Items listed in a dataset
▬▬▬▬▬▬

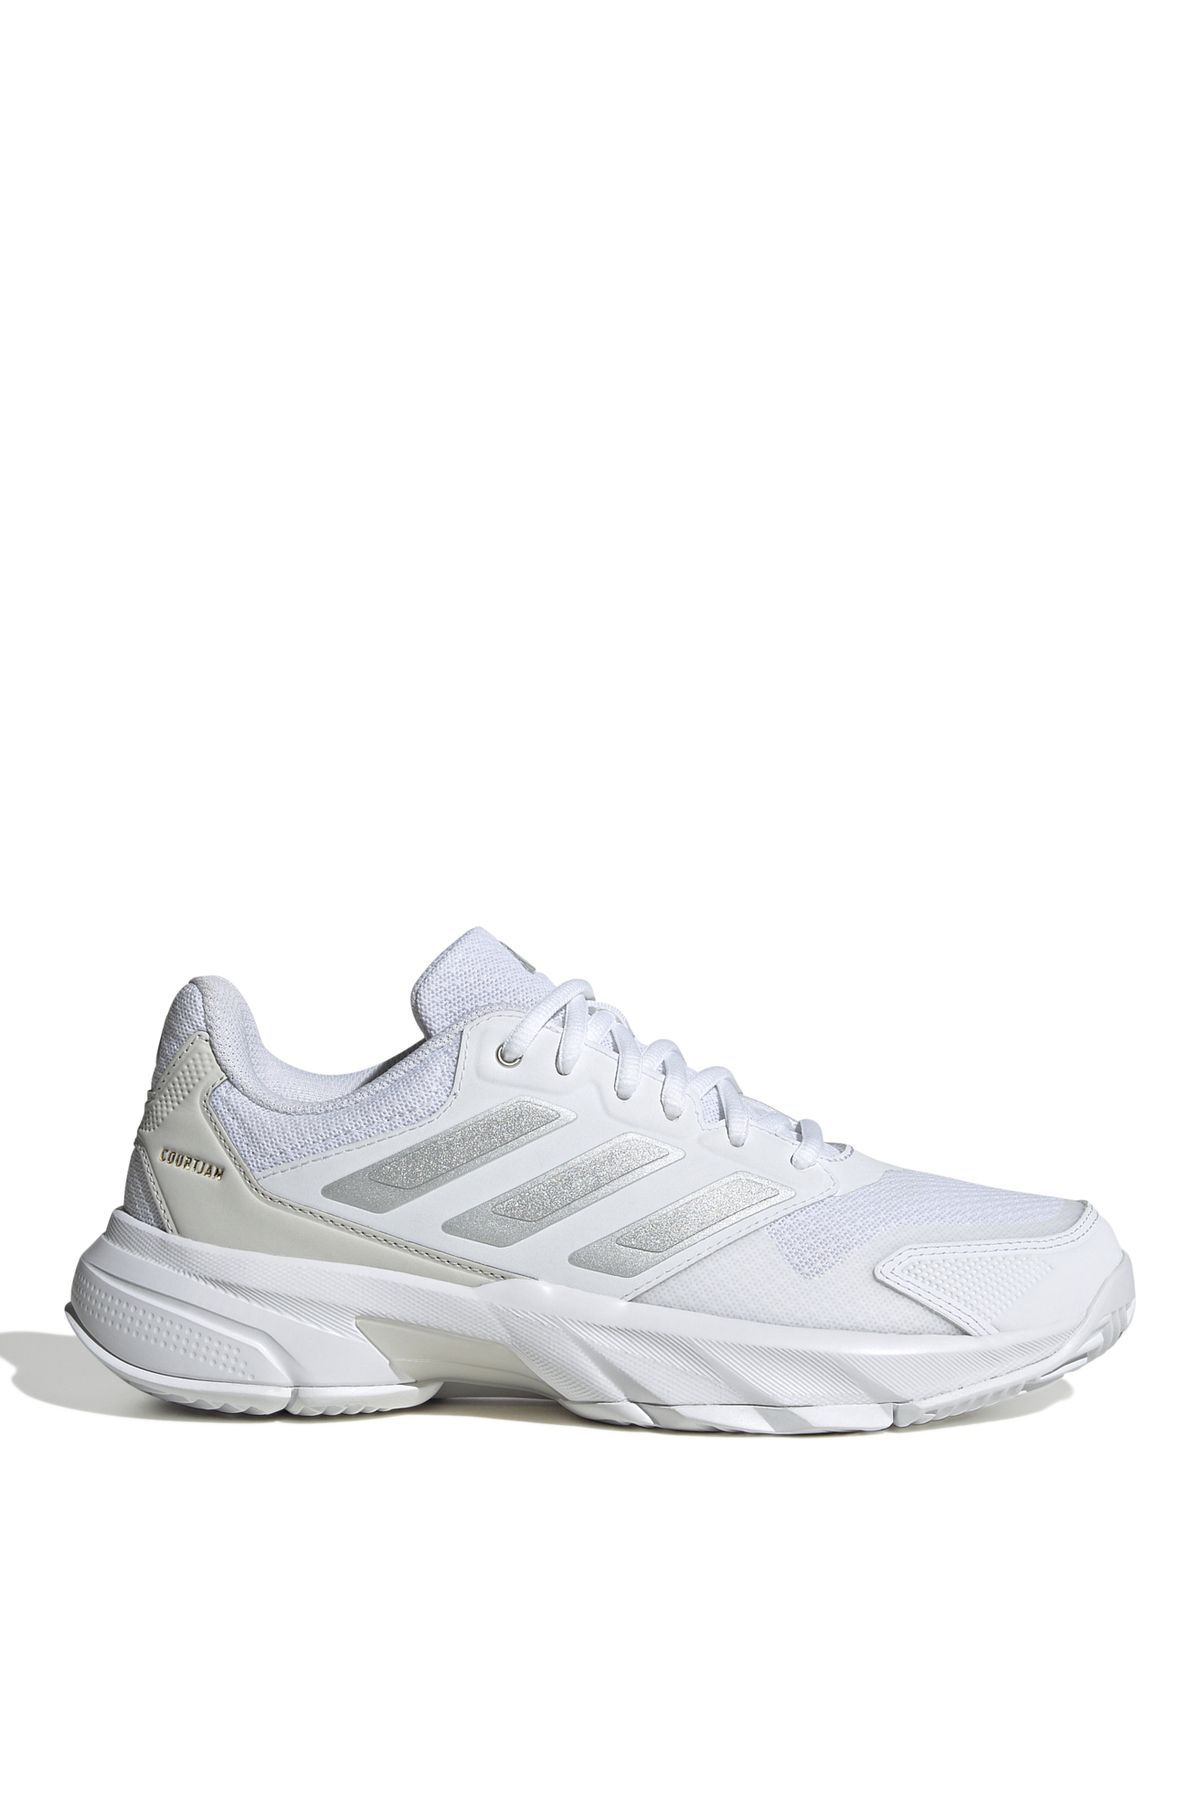 adidas Beyaz Kadın Tenis Ayakkabısı ID2457 CourtJam
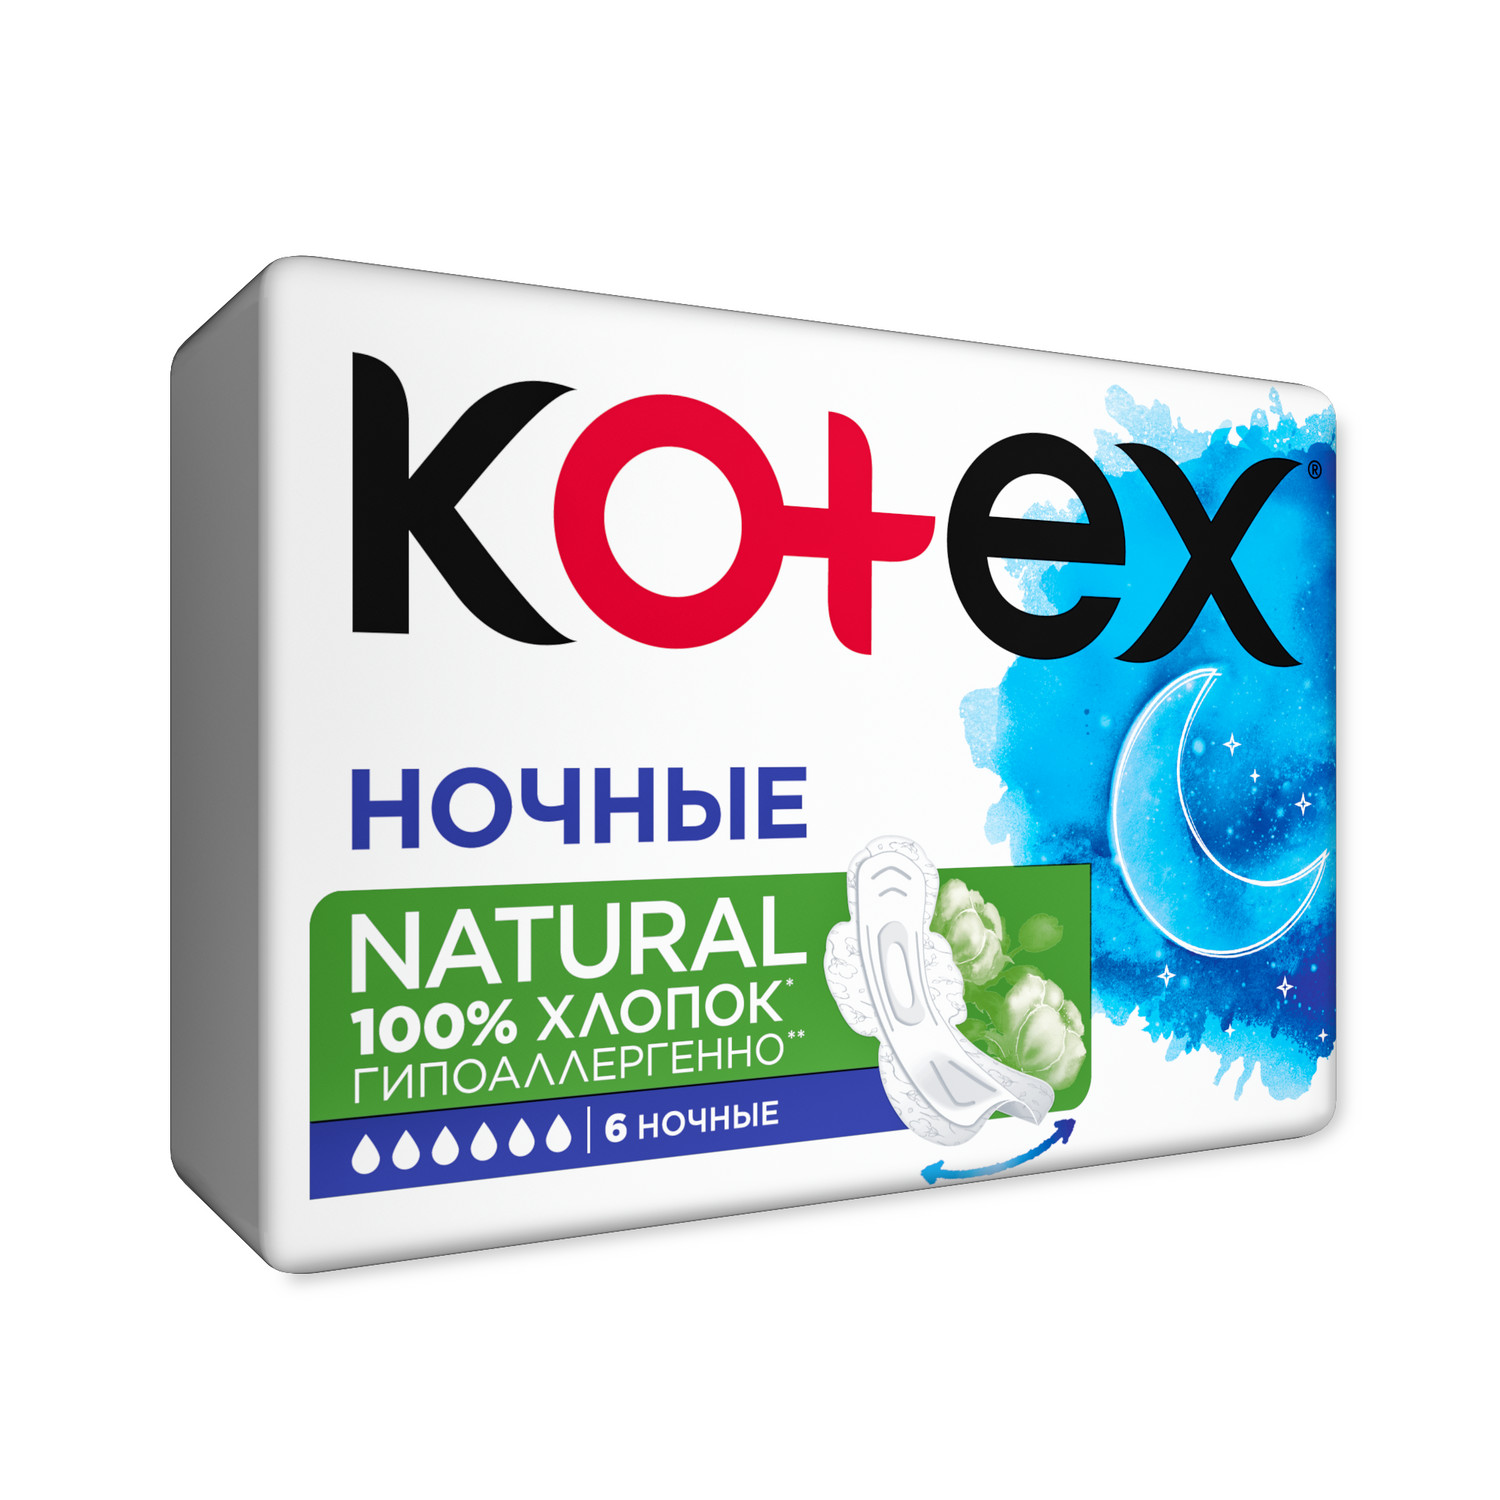 Прокладки KOTEX Natural ночные 6шт - фото 4
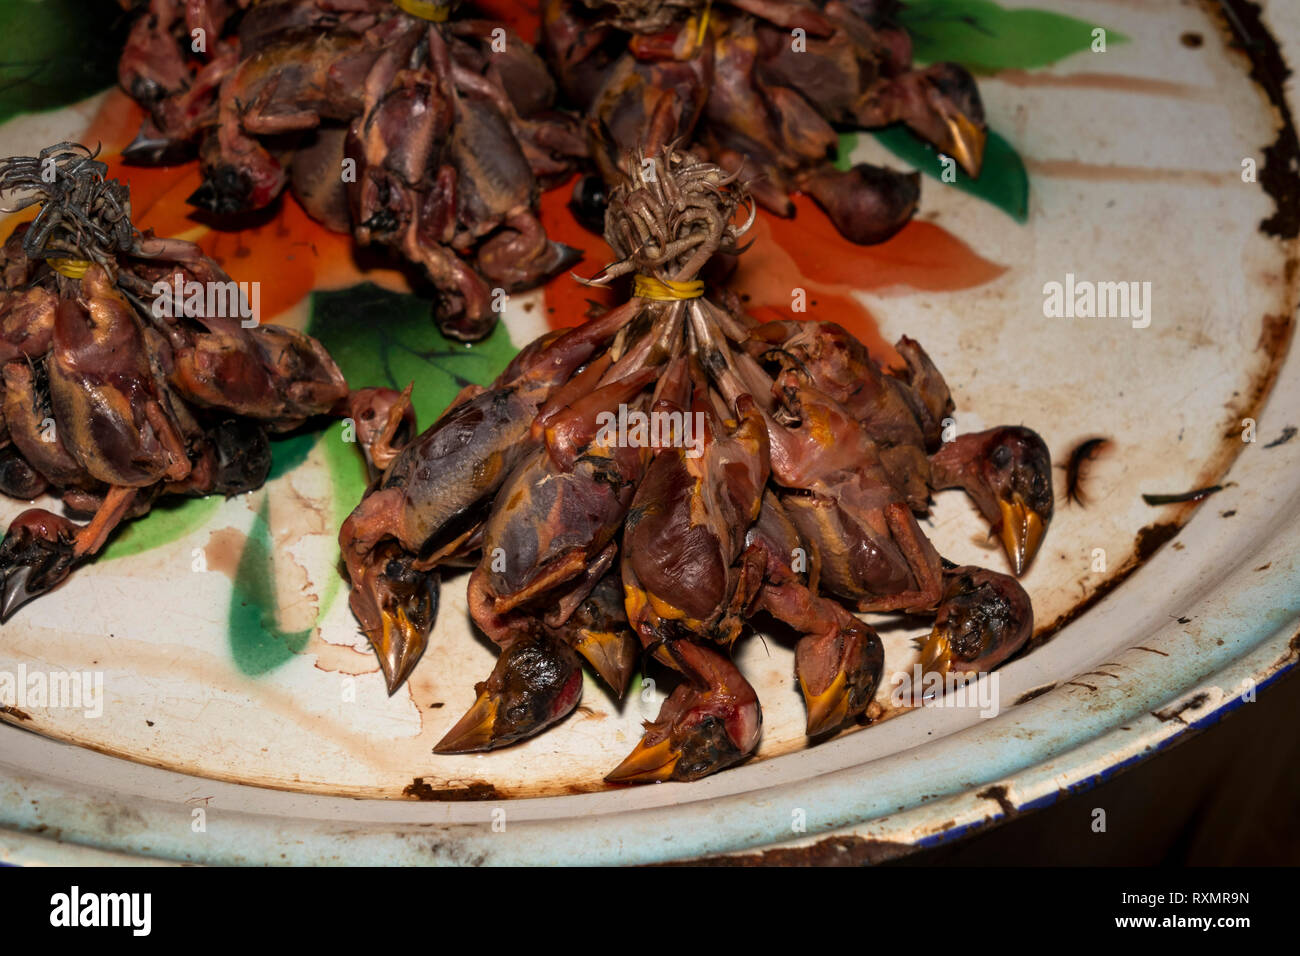 Kambodscha, Phnom Penh, Oudong, Lebensmittelmarkt, Bush Fleisch, bündelt der gekochten kleine Vögel zum Verkauf zu essen Stockfoto
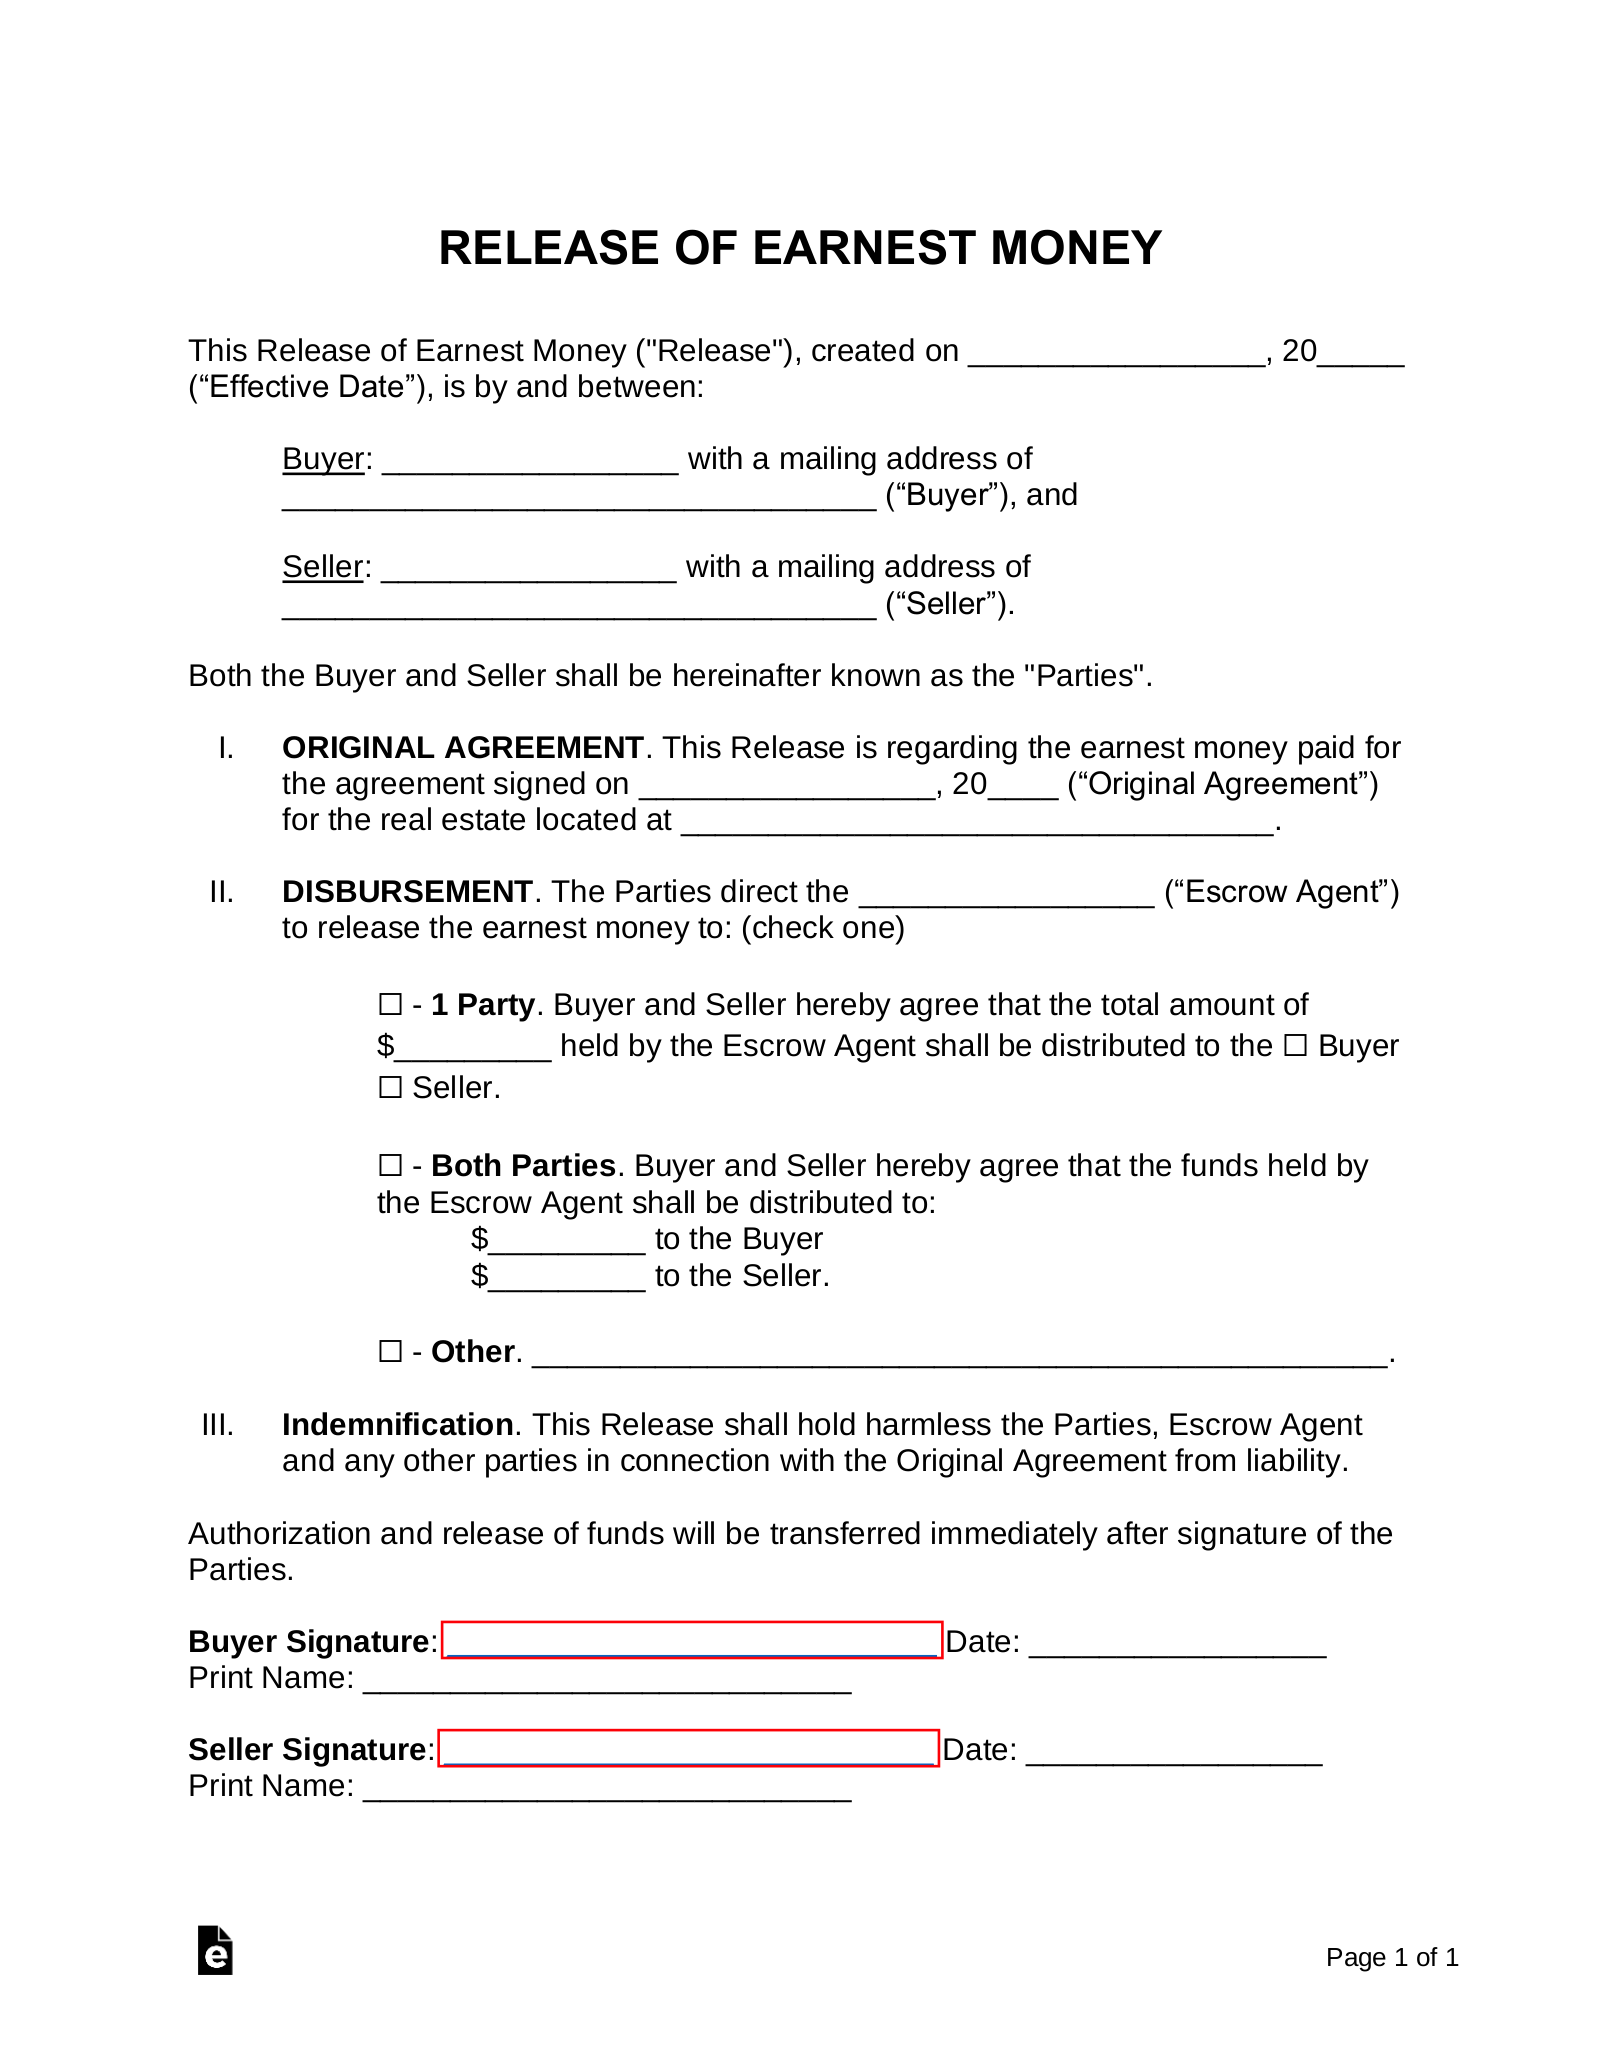 earnest money deposit form
 Free Release of Earnest Money Form - Word | PDF | eForms ...

▬▬▬▬▬▬

* WHAT THIS TASK INVOLVES:
Exactly reproduce the entries above, minus the pictures.

* TASK RESPONSE:
 adidas Beyaz Kadın Tenis Ayakkabısı ID2457 CourtJam
 Прокладки KOTEX Natural ночные 6шт - фото 4
 Kambodscha, Phnom Penh, Oudong, Lebensmittelmarkt, Bush Fleisch, bündelt der gekochten kleine Vögel zum Verkauf zu essen Stockfoto
 earnest money deposit form
 Free Release of Earnest Money Form - Word | PDF | eForms ...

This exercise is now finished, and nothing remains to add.